October 24th, 2019 by Jake Stofan

A battle over alimony is back in front of lawmakers for the first time in three years.

Reformers are seeking to do away with permanent alimony and create guidelines that would make alimony awards more uniform across the state.

Elisa Del Ray married an abusive husband.

She finally got the courage to get a divorce when he threatened her with a gun.

“I would have never imagined that I would be paying permanently, alimony to my abuser,” said Del Ray speaking to lawmakers in a committee Thursday.

Del Ray’s case is extreme, but it’s part of the reason alimony reformers want an end to permanent alimony in the state of Florida.

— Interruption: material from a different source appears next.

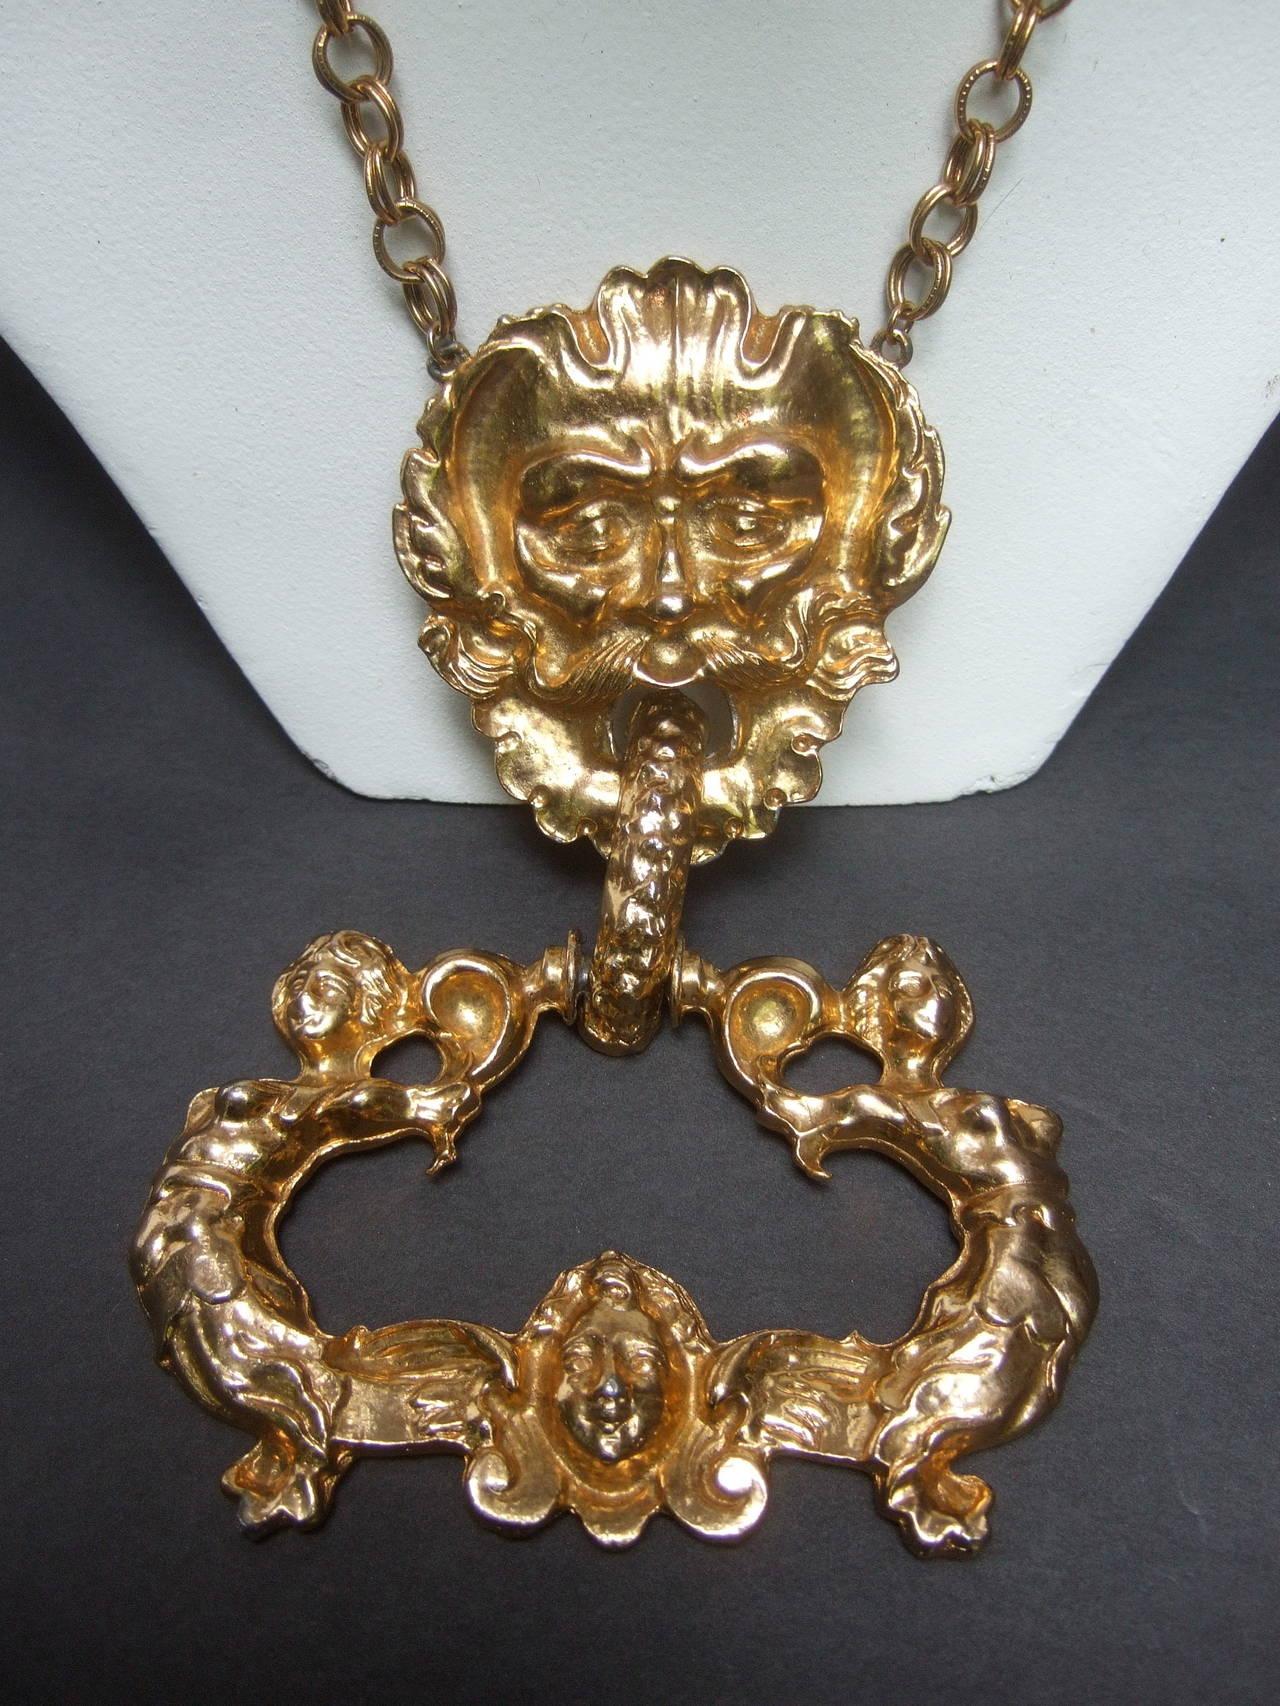 Massive Gilt Metal Figural Pendant Necklace c 1970 For Sale 6

“The main thing that permanent alimony payers want is to see the light at the end of the tunnel because a lot of them just have this sense of hopelessness,” said Alan Elkins with Florida Family Fairness.

Reformers are asked lawmakers during a panel discussion to limit alimony to half the length of a marriage and put in place a standard formula to calculate alimony payments to ensure consistency.

The idea has the attention of Rep. Bob Rommel.

“I do want to look at whether there’s a fair formula for the majority of cases. I know in some divorces there’s always extreme circumstances,” said Rommel.

But family law advocates say cost of living and lifestyles differ across the state.

“And when you try to put that in a box and create a formula for that it makes it very difficult to be fair to everyone,” said Andrea Reid with the Florida Bar Family Law Section.

In 2016 a bill which included guidelines for alimony payments was approved by lawmakers.

It was vetoed by then Governor Rick Scott, but now there’s a new Governor and new optimism for reformers.

No bill has been formally introduced yet, but supporters have retained two of the most powerful lobbying groups in the state capital.

One change both reformers and family law advocates do agree on is that after a person retires they should be able to stop making alimony payments.